# Bluetooth streaming music



## sabre130012 (Dec 13, 2014)

Can anybody send active link for PDIM so I can stream music thru Bluetooth? I can not stand loose wires laying around my car lol


----------



## obermd (Mar 3, 2012)

Follow the link in my sig. I recently updated the links to the actual PDIM (GM changed the part number).


----------



## sabre130012 (Dec 13, 2014)

OK thanks!


----------



## sabre130012 (Dec 13, 2014)

I'm new to the forum and having trouble navagating around.

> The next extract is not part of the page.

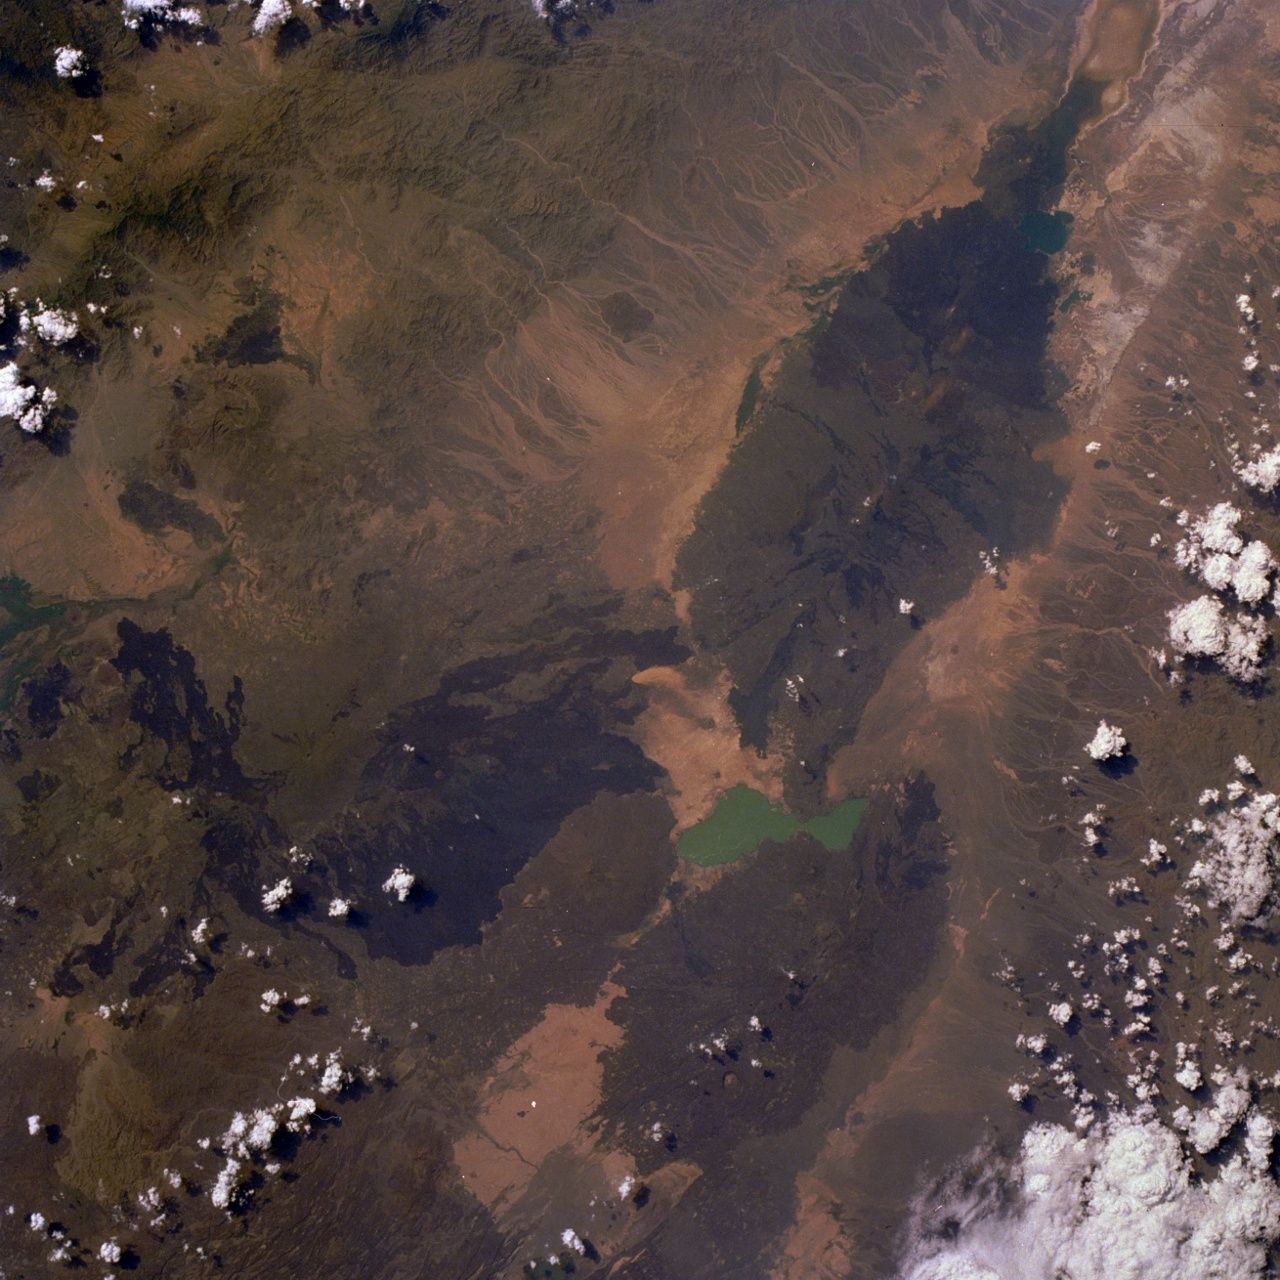 Le massif de l'Erta Ale - photo NASA  STS026-033-080 / 30.09.1988 - 11h35 GMT (L’ Erta Ale, un volcan situé dans la vallée du rift du nord de l’Ethiopie, est visible sur cette photo prise quasi à la verticale au nord du lac Afrera, de couleur turquoise. Le volcan, connu sous le nom de « montagne qui fume » par les tribus locales, possède un lac de lave actif (peu discernable sur la photo) d’approximativement 46 mètres de large, qui est en éruption quasi constante depuis la fin des années 60.)

I don't see the link, sorry to bug u again, if u have it easily accessible please copy here. THanks again I look forward to streaming music!


----------



## obermd (Mar 3, 2012)

Click on "Bluetooth Stereo AUX" in my sig.


----------



## NYCruze2012 (Jan 16, 2012)

I could not believe how easy it was to change the PDIM. I am NOT tech savvy and it only took me 20 minutes to do.


----------



## ccruze617 (Jan 11, 2015)

NYCruze2012 said:


> I could not believe how easy it was to change the PDIM. I am NOT tech savvy and it only took me 20 minutes to do.


Hello I am also new to this forum and I am very interested in doing this with my Cruze. I should've done it a long time ago. Just wondering, where did you buy and how much did you pay for the PDIM?


----------



## obermd (Mar 3, 2012)

The current prices is around $90. Follow the Bluetooth Stereo AUX link in my sig and the link to the Amazon web page (as of a couple of weeks ago) is in the first post.


----------



## goinovr (May 6, 2013)

What I find odd is I get sound over bluetooth when I am on a call. Like if I have Ingress (augmented reality game ingress.com) running on my phone and I get a call I can hear the game sounds through my speakers. I'm wondering if there is just a software difference in the PDIMs.


----------



## obermd (Mar 3, 2012)

goinovr said:


> What I find odd is I get sound over bluetooth when I am on a call. Like if I have Ingress (augmented reality game ingress.com) running on my phone and I get a call I can hear the game sounds through my speakers. I'm wondering if there is just a software difference in the PDIMs.


Are you on an iPhone? Apple did some seriously strange and non-standard stuff with their bluetooth.


----------



## goinovr (May 6, 2013)

obermd said:


> Are you on an iPhone? Apple did some seriously strange and non-standard stuff with their bluetooth.


Galaxy s5/Note 4. Happens with both.


----------